Thursday, April 22, 2010

RBI issues draft norms on securitisation transactions



Source:BusinessLine Bureau:20 April,2010
Mumbai,
The Reserve Bank of India on Monday issued draft guidelines regarding the minimum holding period and minimum retention requirement for securitisation transactions. The aim behind the guidelines is to develop an orderly and healthy securitisation market, to ensure greater alignment of the interests of the originators and the investors, as also to encourage the development of the securitisation activity, said the RBI in its circular.
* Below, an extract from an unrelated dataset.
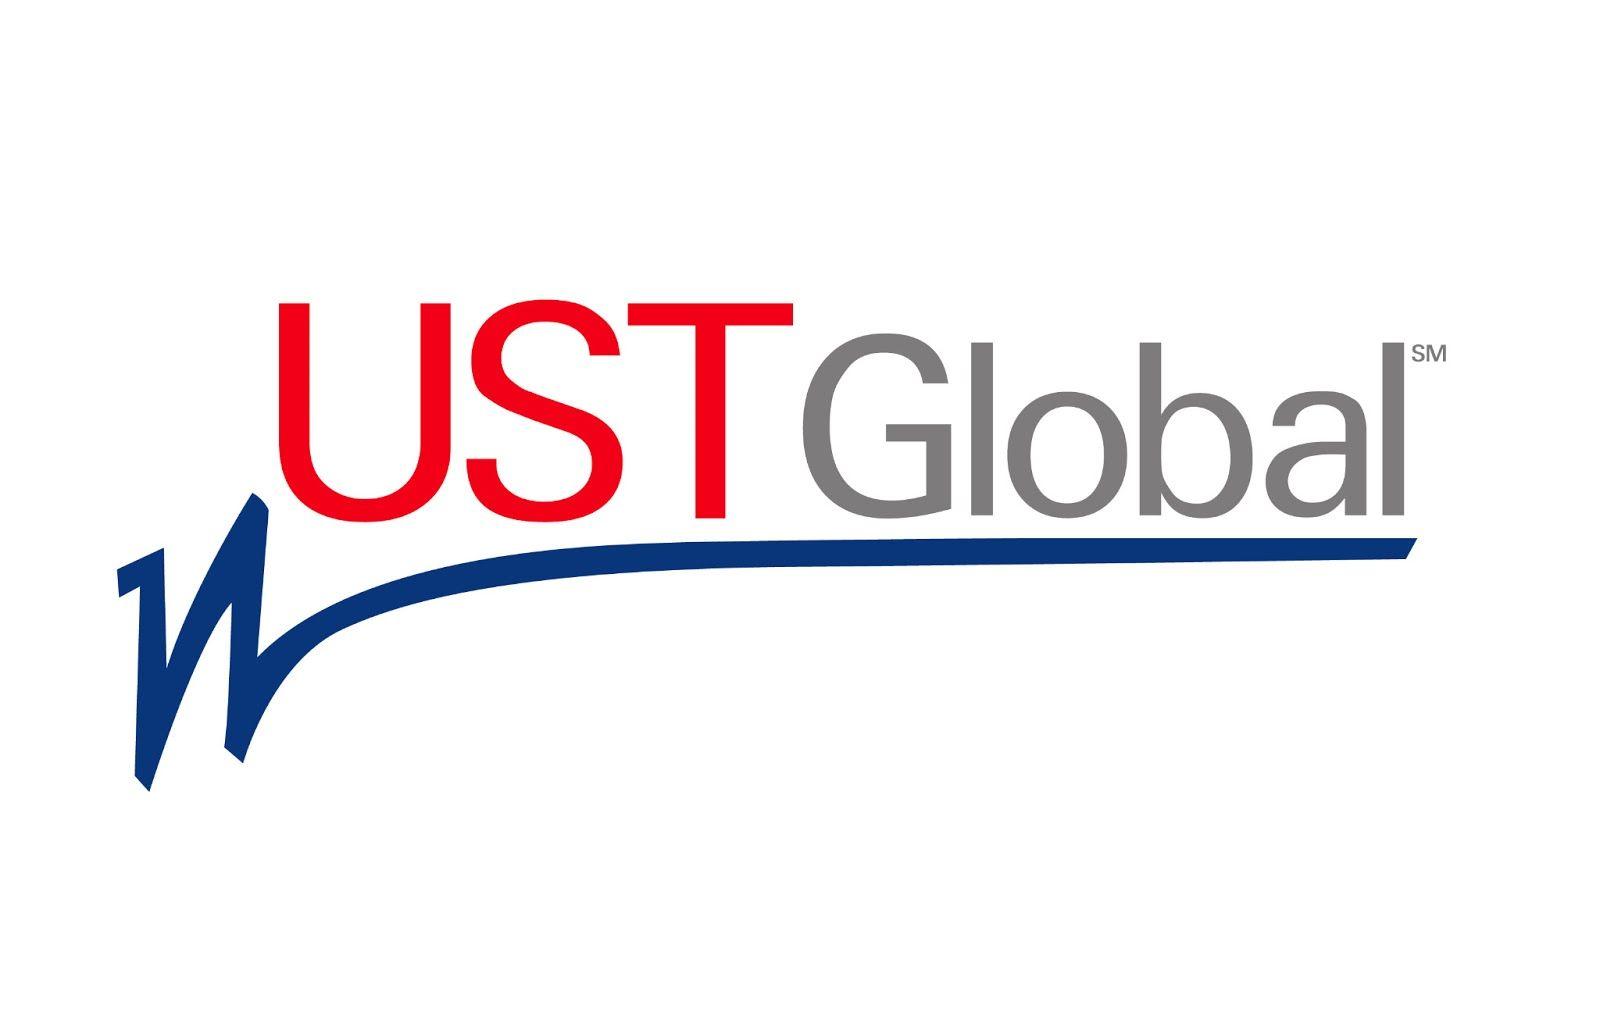 American Information Technology Company Logo - UST To Train 10K Employees, Establish R&D Center In Israel | News Brief

The circular says that originators should retain a portion of each securitisation originated, as a mechanism to better align incentives and ensure more effective screening of loans. In addition, the RBI has also recommended a minimum period of retention of loans prior to securitisation so as to give comfort to investors regarding the due diligence exercised by the originator. These were recommended by the RBI in its October 2009 Quarterly Review.
Minimum Holding Period
For loans of up to 24 months duration, in case of loans with periodic repayment schedules, the MHP would be nine months from a certain set of relevant dates, while in case of bullet repayment loans, the MHP is 12 months from the relevant dates.
These relevant dates are the date of full disbursement of loans for an activity or purpose; or date of acquisition of asset by borrower (i.e. car, residential house,); or date of completion of project; or date of first instalment of interest or principal or EMI; whichever is later.
For loans of more than 24 months, in case of loans with periodic repayment schedules, the MHP would be 12 months from the relevant dates.
In case of loans of more than 24 months with bullet repayment, securitisation would not be allowed, said the RBI guidelines.
The RBI guidelines also list certain assets where banks are not permitted to undertake securitisation activities or assume securitisation exposures.
These include re-securitised assets (e.g. collateralised debt obligations of asset backed securities, including, a CDO backed by residential mortgage-backed securities); synthetic securitisations (e.g. credit-linked notes or credit default swaps) and securitisation with revolving structures (e.g. (e.g. credit card receivables and cash credit facilities).